Creating my Fake News Detector
I once stumbled upon an online article that looked reliable at first. The formatting was polished and the headline was striking. Yet as I kept reading, some statements did not align with facts I already knew. That personal experience inspired me to imagine a tool that could highlight questionable claims. I decided to create a Fake News Detector using Streamlit and OpenAI.

The project became a way to combine a lightweight user interface with the reasoning of language models. I structured the repository with a main Python script, a dataset of seed examples, and configuration files. The rest of this post walks step by step through every block of code. Each code snippet is followed by a clear explanation of what it does and how it fits in.
requirements.txt
streamlit
openai
pandas
numpy
This file lists the essential dependencies. Streamlit builds the interactive web application. OpenAI provides access to large language models and embeddings. Pandas and NumPy support data handling and numeric operations. Keeping the list short ensures installation is straightforward.
README.md
# Fake News Detector
A simple web app to detect potential fake news using OpenAI models and Streamlit.
The README introduces the project briefly. It makes clear that this is a Streamlit app powered by OpenAI models. Such a minimal description is enough for someone browsing GitHub to understand the intent. Documentation, even if short, is a sign of a usable repository.

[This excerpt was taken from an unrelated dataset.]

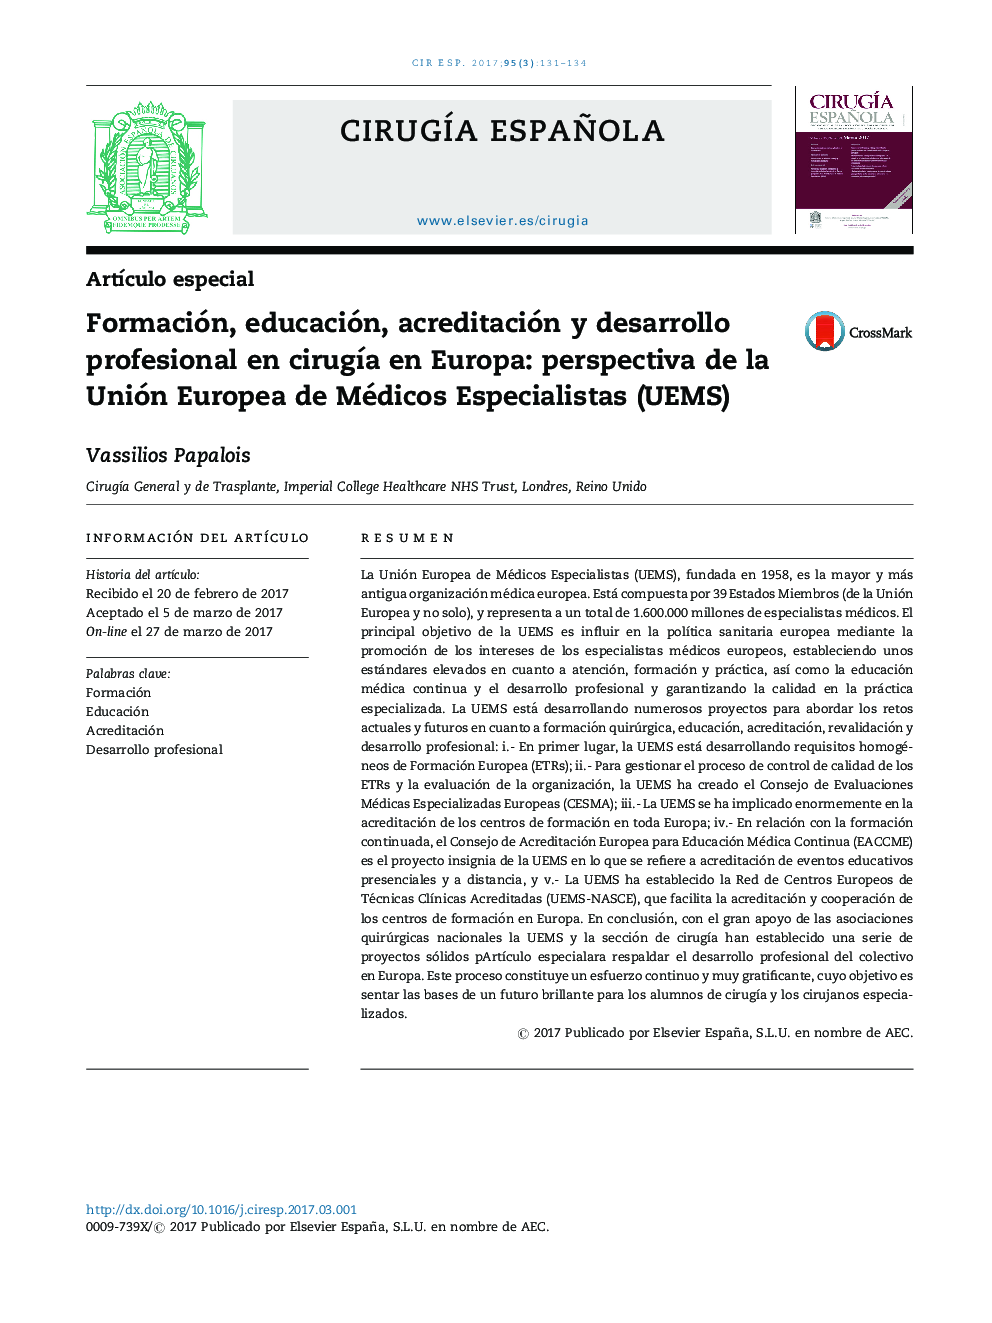 Formación, educación, acreditación y desarrollo profesional en cirugÃ­a en Europa: perspectiva de la Unión Europea de Médicos Especialistas (UEMS)

data/seed_examples_fake_news.csv
This CSV file stores labeled examples of fake and real news. These examples serve as a reference when comparing embeddings. By having some initial labeled cases, the app can provide more consistent classification. Even a small dataset can make outputs steadier across runs.

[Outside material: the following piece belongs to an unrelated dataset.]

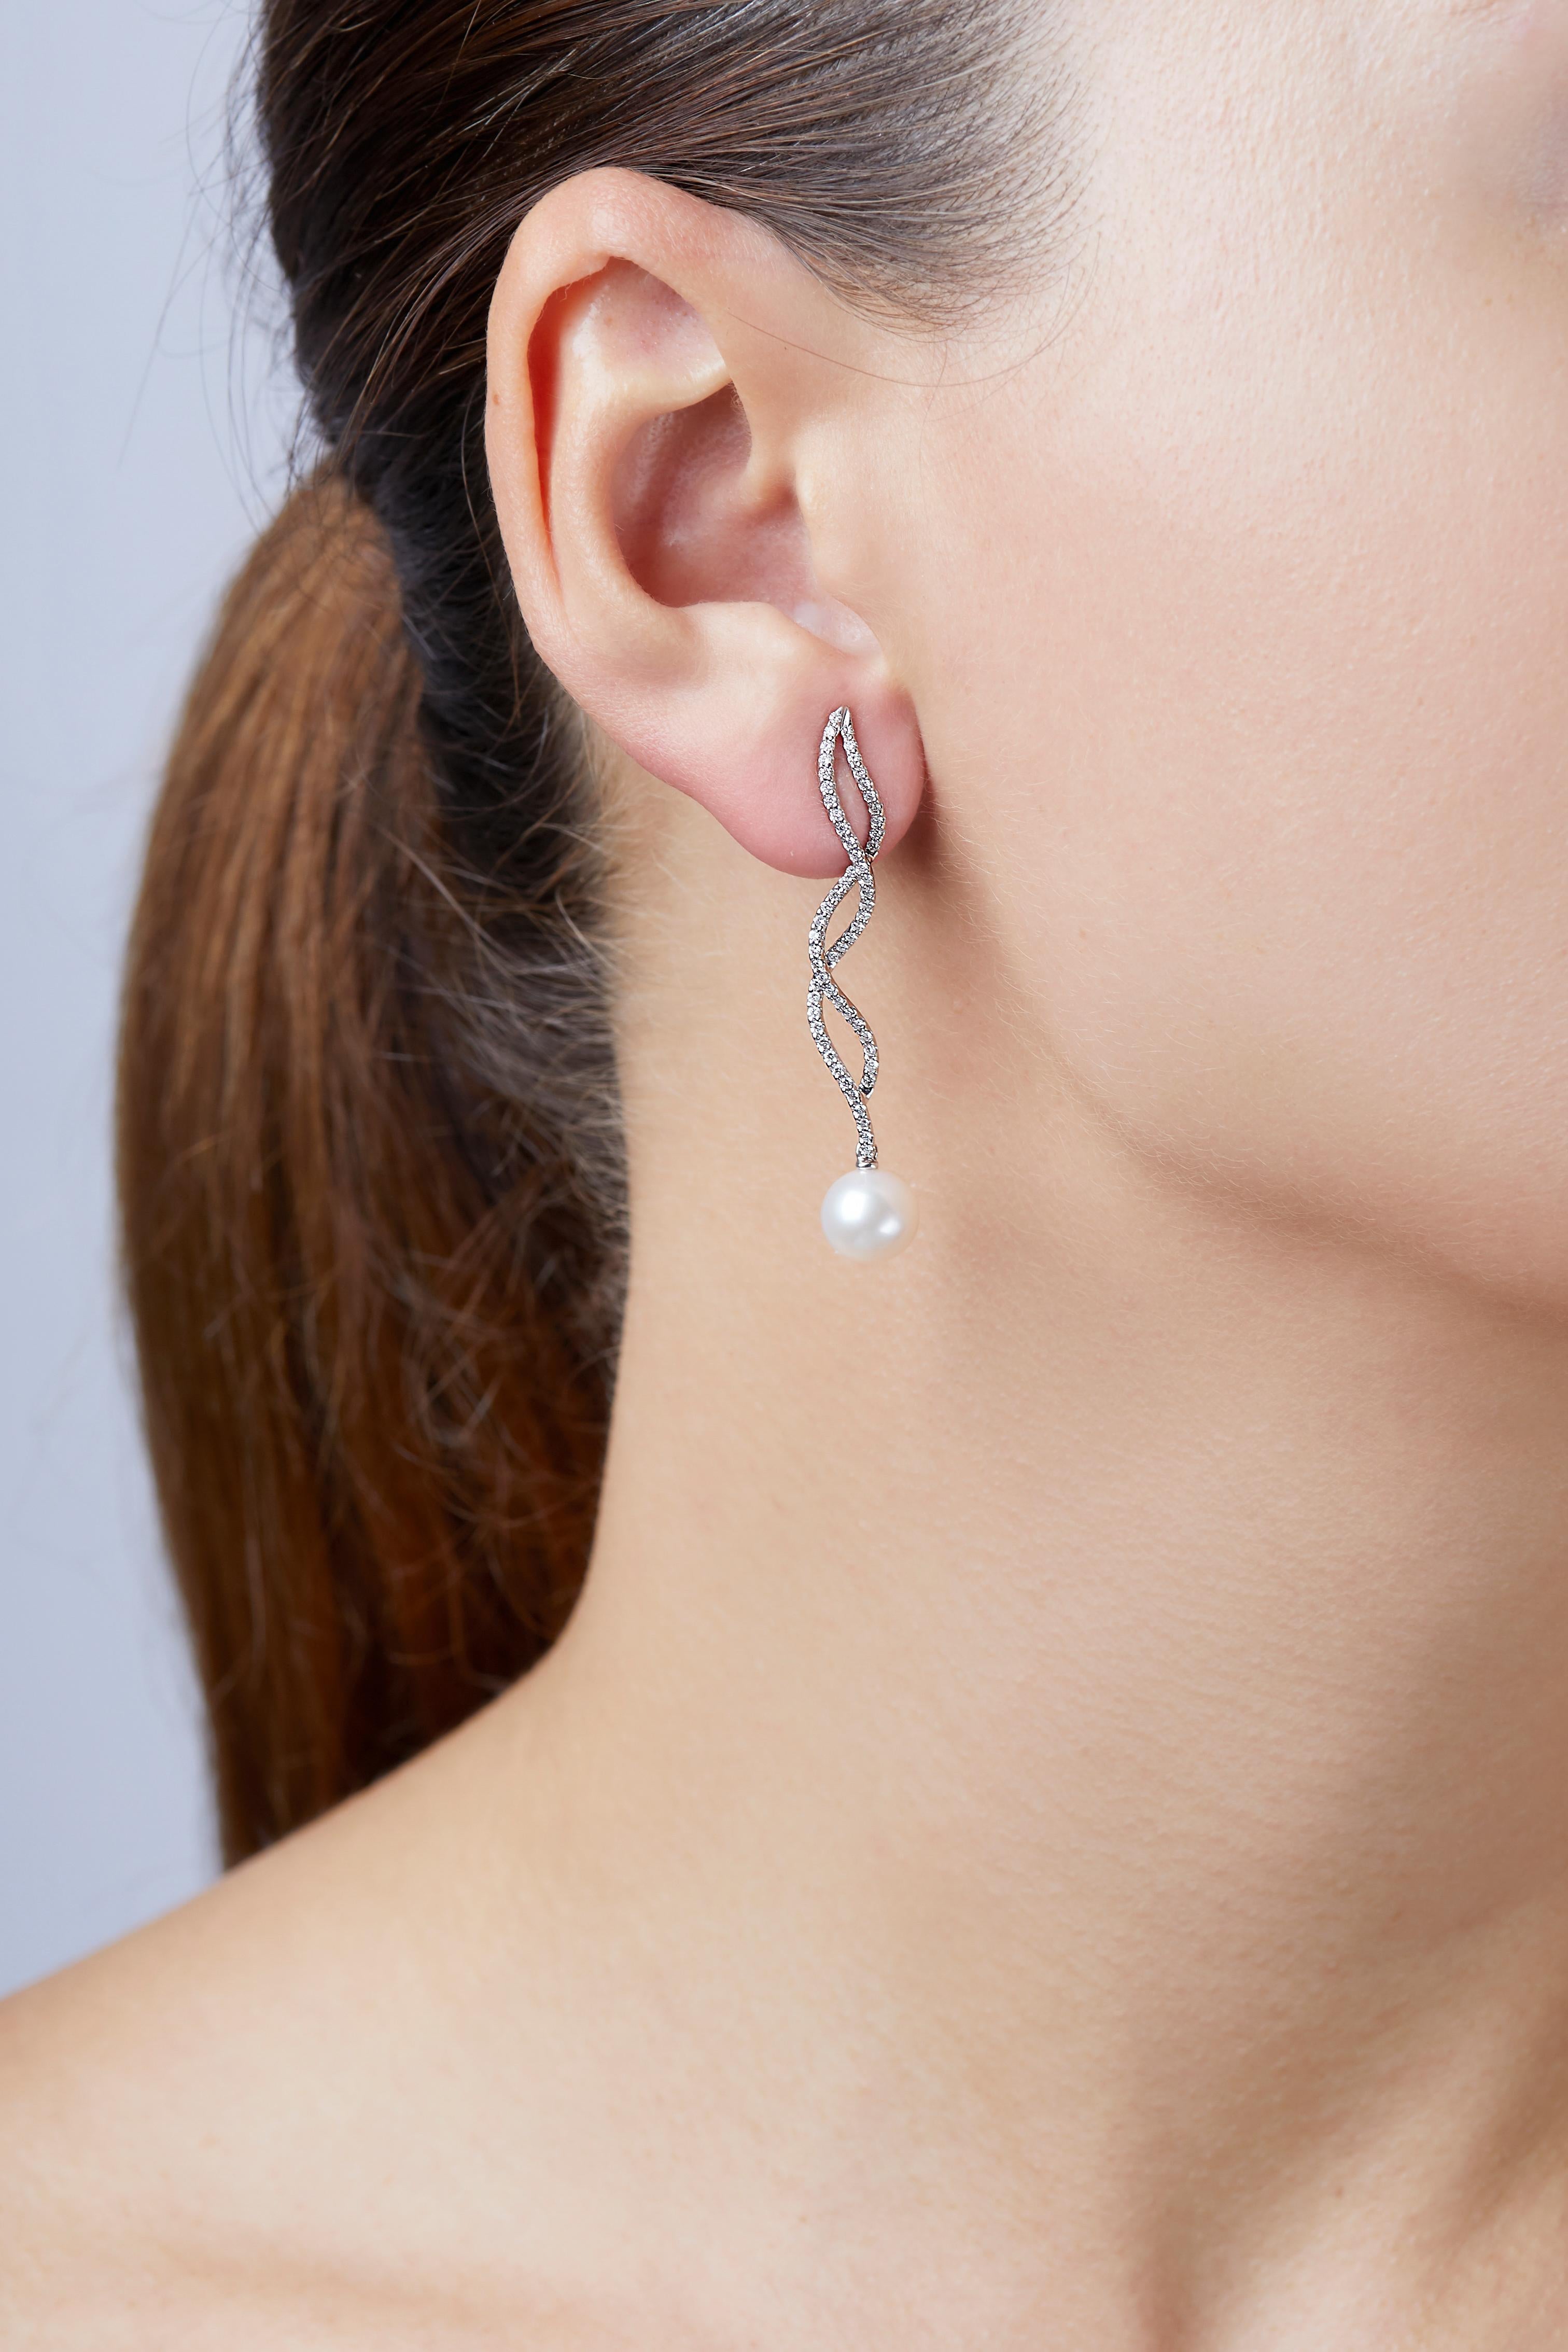 Diese einzigartigen Ohrringe von Yoko London bestehen aus glänzenden Süßwasserperlen, die von Diamanten umspielt werden. Diese eleganten Ohrringe aus 18 Karat Weißgold, die das Funkeln der Diamanten und den Glanz der Perlen betonen, sind das

app.py Detailed Walkthrough
Code Block 1
import json
import math
from typing import Tuple, Dict, List
import numpy as np
import pandas as pd
import streamlit as st
from openai import OpenAI
# ---------- Page + globals ----------
st.set_page_config(page_title="Fake News Detector", layout="centered")

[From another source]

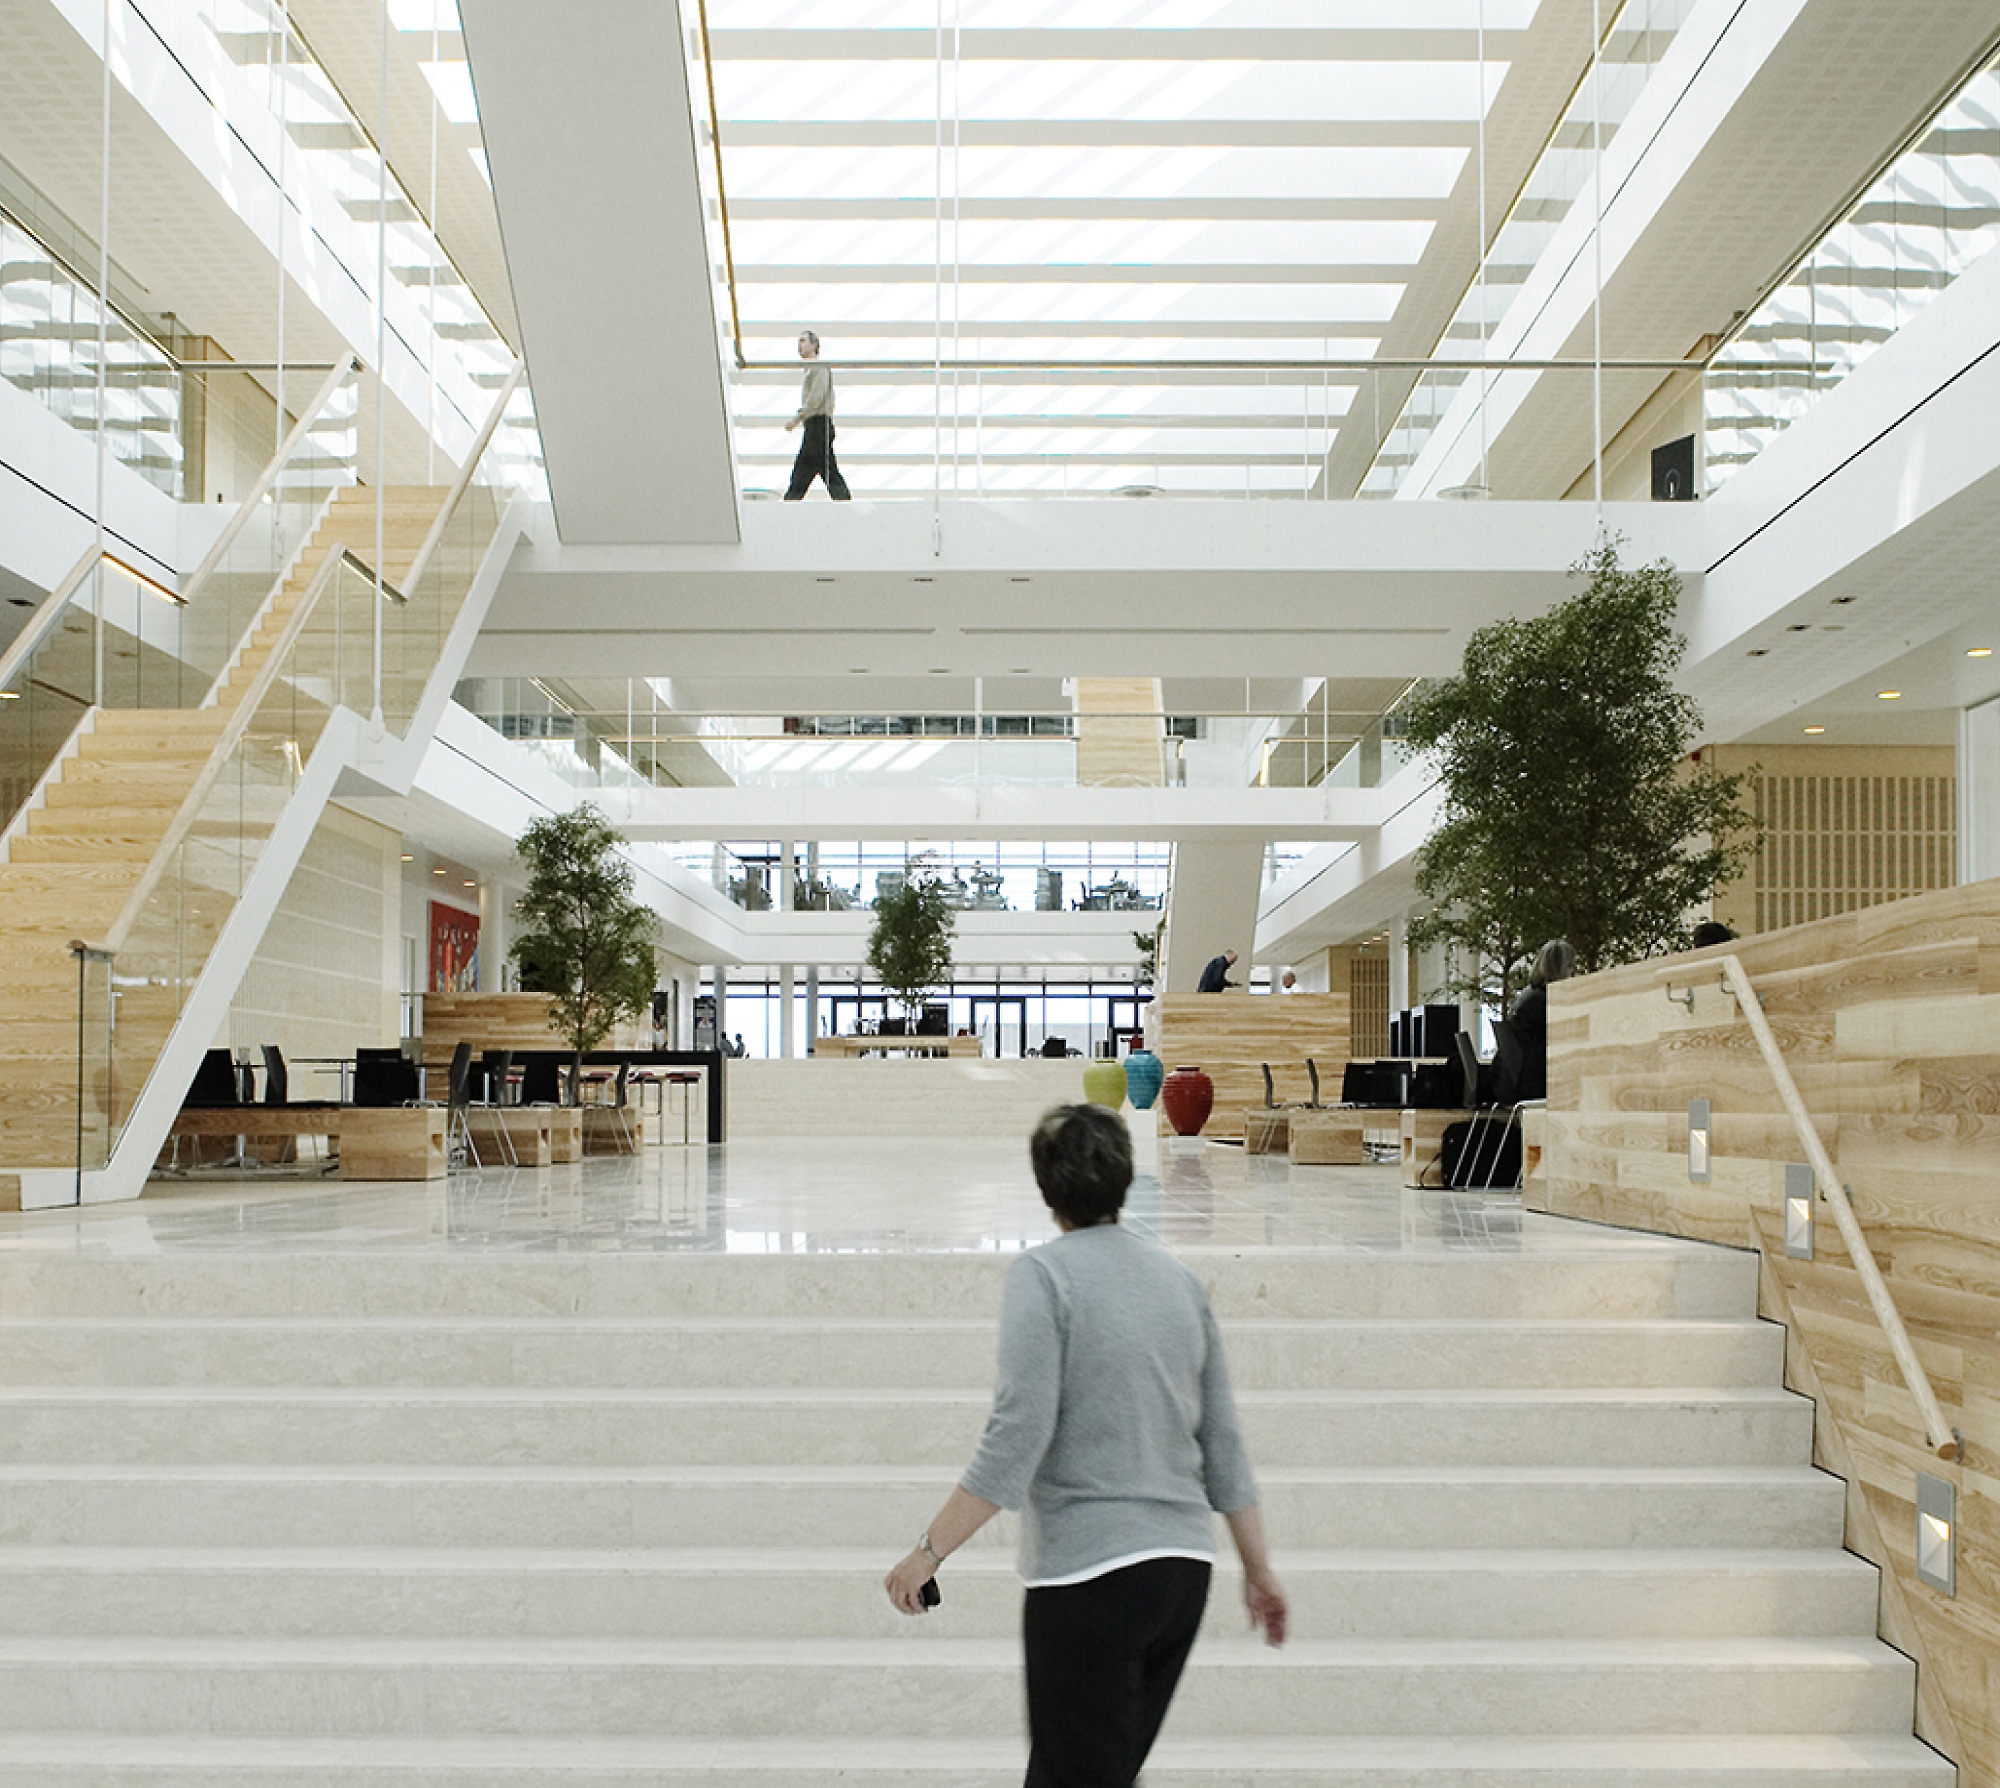 Sảnh văn phòng hiện đại với cầu thang màu trắng lớn, bộ sưu tập gỗ và mọi người đang đi bộ xung quanh. không khí sáng và thoáng mát.

st.title("Fake News Detector")
# OpenAI client from Streamlit secrets (set in Streamlit Cloud)
# Secrets UI keeps your key out of Git history.
# Docs: https://platform.openai.com/docs/api-reference and Streamlit secrets docs.
client = OpenAI(api_key=st.secrets["OPENAI_API_KEY"])
GPT_MODEL_DEFAULT = "gpt-4.1-mini"
EMBED_MODEL = "text-embedding-3-small" # fast, inexpensive
# ---------- Utilities ----------
This block handles configuration or inline logic.
It sets up environment, constants, or streamlit UI elements.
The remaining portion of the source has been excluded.